PROBLEM ▸
Copy exactly the last part of the entries, starting from the line with "MARSTalk Charity Event: Storytelling, Impromp" and including the final line.

START INPUT DATA

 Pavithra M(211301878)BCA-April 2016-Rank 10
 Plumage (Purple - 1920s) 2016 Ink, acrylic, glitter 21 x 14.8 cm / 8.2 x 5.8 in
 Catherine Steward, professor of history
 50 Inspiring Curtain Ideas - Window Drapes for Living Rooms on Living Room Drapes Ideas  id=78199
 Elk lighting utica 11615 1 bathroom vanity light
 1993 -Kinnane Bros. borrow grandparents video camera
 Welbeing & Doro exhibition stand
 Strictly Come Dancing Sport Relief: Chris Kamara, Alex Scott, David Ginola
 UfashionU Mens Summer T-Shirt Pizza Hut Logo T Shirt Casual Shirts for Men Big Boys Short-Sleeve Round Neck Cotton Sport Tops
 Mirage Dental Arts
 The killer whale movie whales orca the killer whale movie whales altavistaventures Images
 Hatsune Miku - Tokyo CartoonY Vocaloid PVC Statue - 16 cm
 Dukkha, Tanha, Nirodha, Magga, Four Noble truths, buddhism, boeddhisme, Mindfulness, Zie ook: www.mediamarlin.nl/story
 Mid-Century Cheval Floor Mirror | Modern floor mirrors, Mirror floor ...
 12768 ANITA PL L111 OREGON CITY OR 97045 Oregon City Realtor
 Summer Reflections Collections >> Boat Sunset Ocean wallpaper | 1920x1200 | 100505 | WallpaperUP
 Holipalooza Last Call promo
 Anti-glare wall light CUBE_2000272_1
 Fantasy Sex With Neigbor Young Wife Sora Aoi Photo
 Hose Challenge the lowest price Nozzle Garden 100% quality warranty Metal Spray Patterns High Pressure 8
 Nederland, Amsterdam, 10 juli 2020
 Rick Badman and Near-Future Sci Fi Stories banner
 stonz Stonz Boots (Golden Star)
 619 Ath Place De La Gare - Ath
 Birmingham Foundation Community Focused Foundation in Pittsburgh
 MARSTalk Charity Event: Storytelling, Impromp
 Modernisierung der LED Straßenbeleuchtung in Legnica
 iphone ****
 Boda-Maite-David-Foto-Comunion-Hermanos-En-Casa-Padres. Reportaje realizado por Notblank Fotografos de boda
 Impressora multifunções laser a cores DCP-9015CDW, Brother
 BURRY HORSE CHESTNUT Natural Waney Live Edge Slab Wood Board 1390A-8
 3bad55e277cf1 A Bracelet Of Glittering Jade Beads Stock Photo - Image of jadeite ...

END INPUT DATA

RESPONSE BELOW ▸
 MARSTalk Charity Event: Storytelling, Impromp
 Modernisierung der LED Straßenbeleuchtung in Legnica
 iphone ****
 Boda-Maite-David-Foto-Comunion-Hermanos-En-Casa-Padres. Reportaje realizado por Notblank Fotografos de boda
 Impressora multifunções laser a cores DCP-9015CDW, Brother
 BURRY HORSE CHESTNUT Natural Waney Live Edge Slab Wood Board 1390A-8
 3bad55e277cf1 A Bracelet Of Glittering Jade Beads Stock Photo - Image of jadeite ...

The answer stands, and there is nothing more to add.